• **The problem**
Leaving out every picture, copy the lines of the material below exactly, from the line containing "Amaretto pound cake" through the line containing "Pendleton Vintage Blue".

--- Material shown Enclosed Below ---

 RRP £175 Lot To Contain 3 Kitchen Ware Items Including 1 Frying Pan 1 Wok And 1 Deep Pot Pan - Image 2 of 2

--- End of Enclosed Material shown ---
--- Material shown Enclosed Below ---

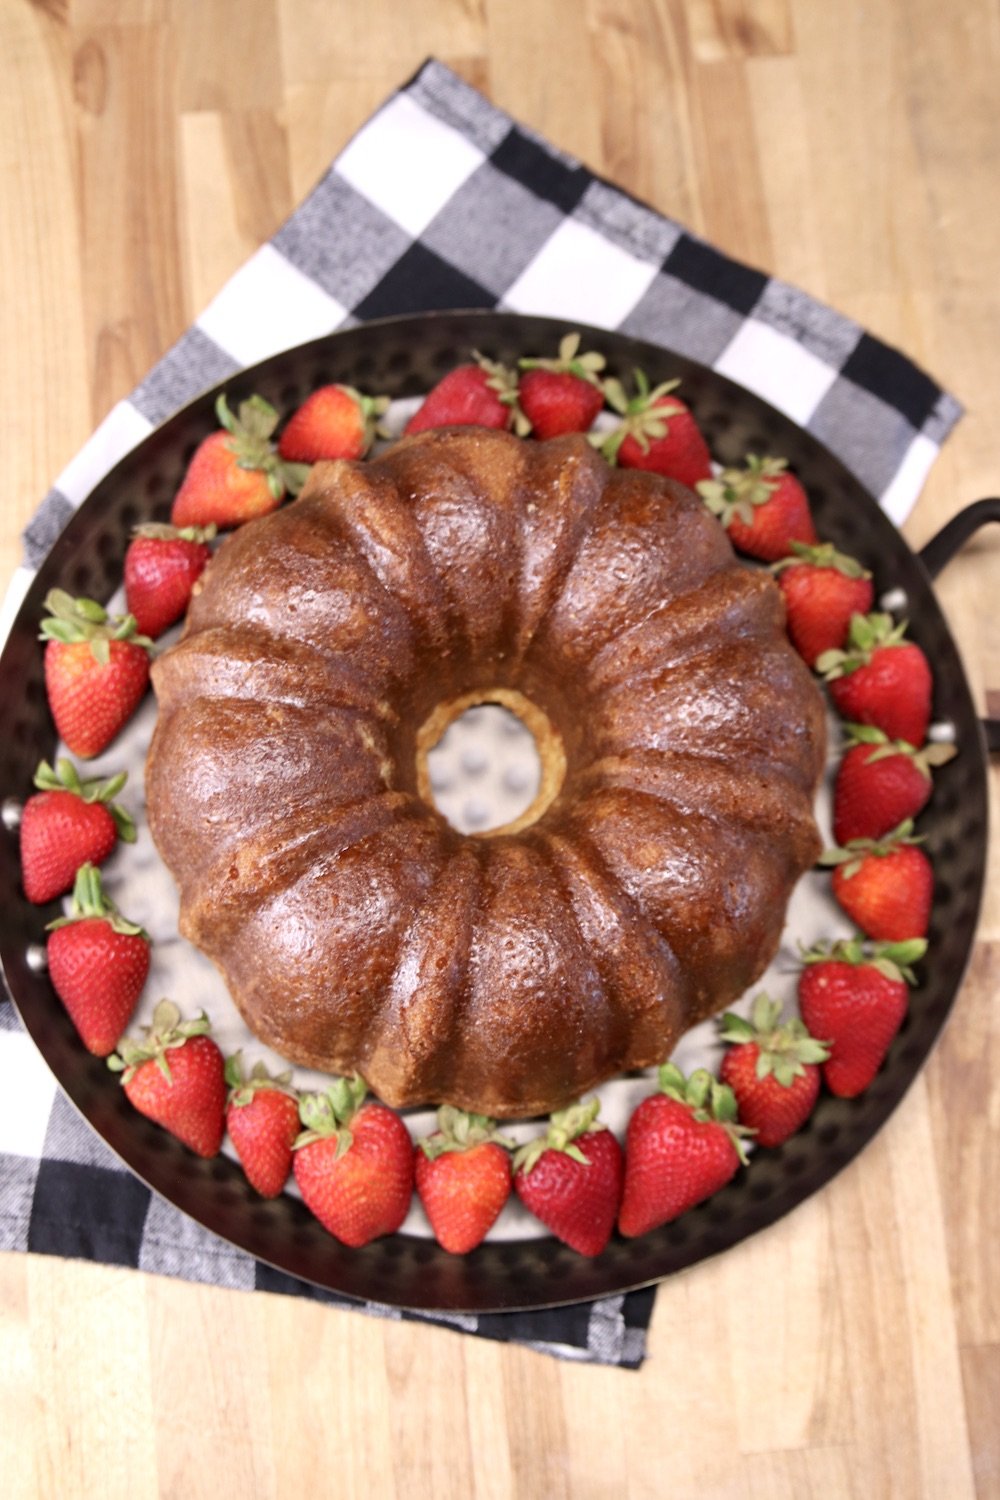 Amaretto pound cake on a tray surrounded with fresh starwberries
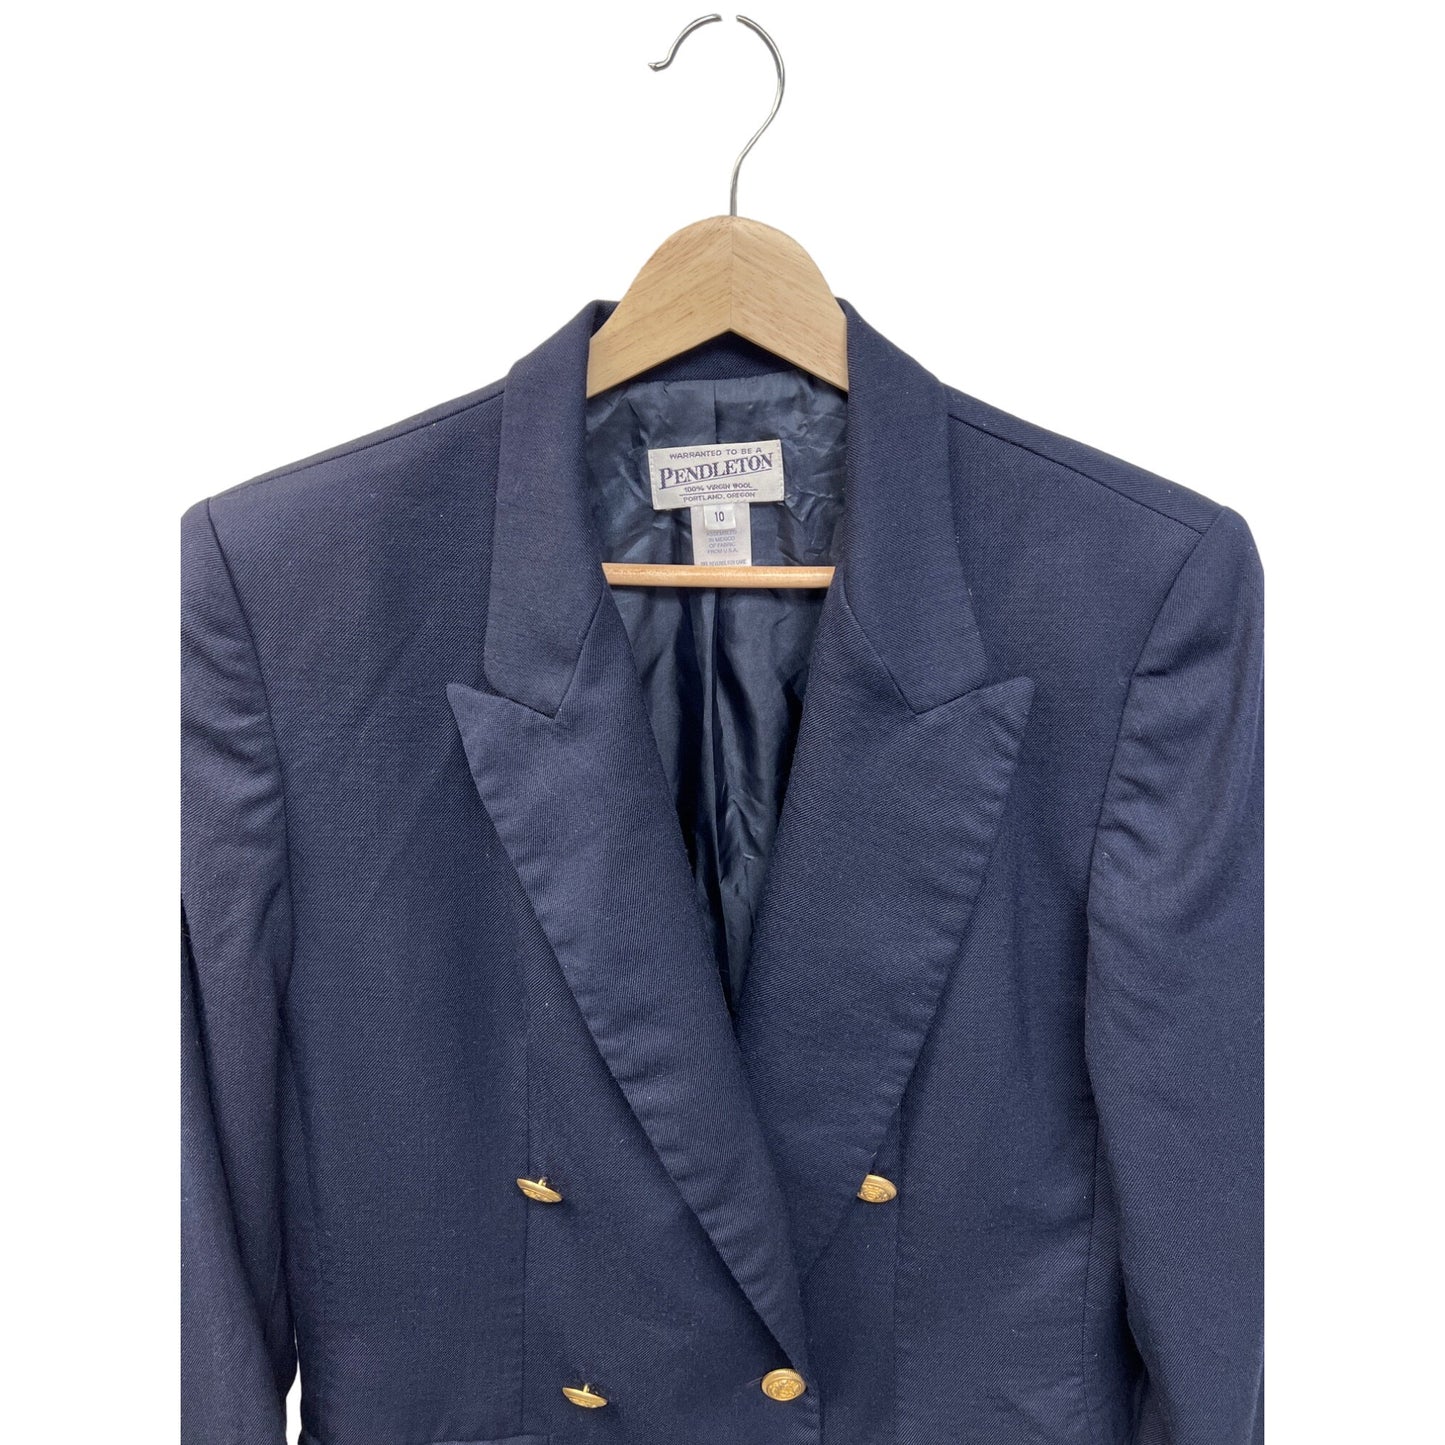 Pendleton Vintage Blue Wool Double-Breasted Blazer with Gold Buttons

--- End of Enclosed Material shown ---

• **Result**
 Amaretto pound cake on a tray surrounded with fresh starwberries
 Pendleton Vintage Blue Wool Double-Breasted Blazer with Gold Buttons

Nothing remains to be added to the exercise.